Vient ensuite Excel. Cet outil est assez puissant et permet donc beaucoup de possibilités. Pour autant, il est relativement compliqué à maîtriser. D’ailleurs, à l’instar du papier, il requiert de rentrer la plupart des données à la main, ce qui multiplie les erreurs de saisie potentielles, ce qu’il faut à tout prix éviter si vous souhaitez optimiser la trésorerie de votre entreprise.

Enfin vous pouvez utiliser un logiciel de gestion de trésorerie. Agicap, par exemple, vous permet à la fois de planifier et d’anticiper l’évolution de vos flux de trésorerie, d’importer directement les factures dans l’outil en évitant au passage toute erreur de de saisie ou encore de suivre votre trésorerie au fil de l’eau de manière très intuitive grâce à un système de représentation des résultats sous forme de graphiques simples et précis !

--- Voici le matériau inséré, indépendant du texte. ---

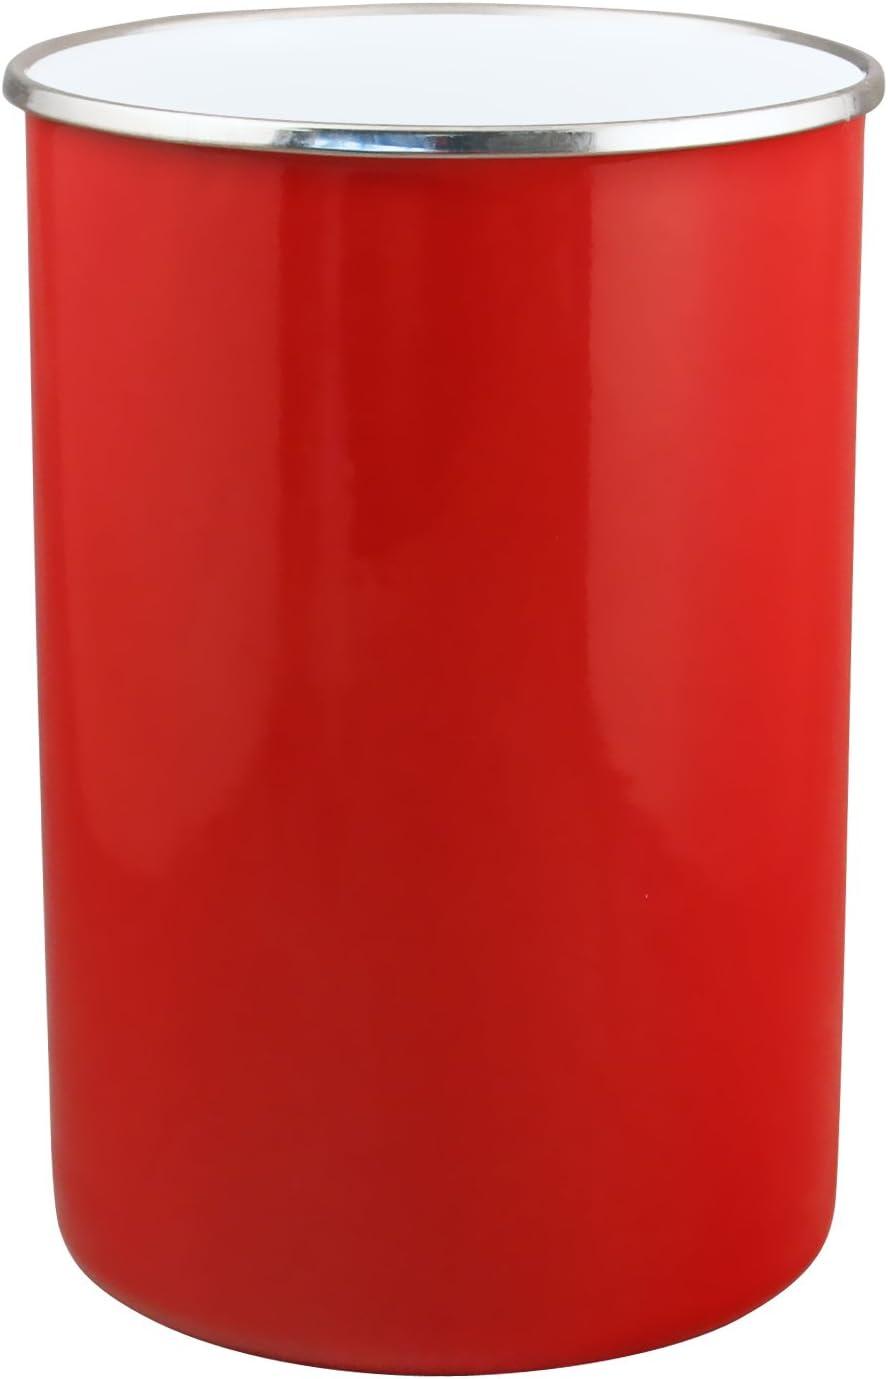 Reston Lloyd 82600 Calypso Basics by Enamel on Steel Utensil Holder, Red, Standard

Optimiser les délais de paiement

Limiter les délais de paiement client

Comment optimiser la trésorerie d'une entreprise

Vendre c’est bien, encaisser l’argent rapidement c’est mieux ! Si faire payer tous les clients comptant n’est pas vraiment envisageable, il est toujours possible de limiter l’impact des délais de paiement client.

  • Dans un premier temps, recourir à l’escompte commercial peut-être une excellente solution. Le principe de fonctionnement est simple : un client vous paye comptant (ou tout du moins avant la l’échéance de paiement dont il bénéficiait à l’origine) en échange d’une réduction d’un pourcentage variable sur sa facture. 
    Cette méthode propose un double avantage : non seulement elle peut vous permettre de réduire vos besoins en trésorerie, mais en plus elle peut accroître le taux de satisfaction client : en effet, la plupart des acheteurs aiment pouvoir bénéficier d’une petite “ristourne” sur leurs achats !
  • Il vous est aussi possible de restreindre l’option de délais de paiements à vos meilleurs clients. Pour procéder de la sorte, catégorisez vos acheteurs et restreignez les délais de paiement (au moins les plus longs) à ceux qui ont tendance à toujours payer à temps.
  • Enfin, si vous souhaitez établir une sorte de filtre, vous pouvez toujours tenter d’en apprendre plus sur chaque nouveau client de votre entreprise : si sa mauvaise réputation le précède, n’hésitez pas à vous montrer intransigeant en lui faisant comprendre qu’il ne bénéficiera pas de délais de paiement avec vous. Attention par contre, vous montrer trop ferme avec un prospect dont vous ne savez pas grand chose n’est pas forcément une bonne idée : s’il se sent braqué, il peut très bien décider de s’en aller pour s’intéresser à la concurrence.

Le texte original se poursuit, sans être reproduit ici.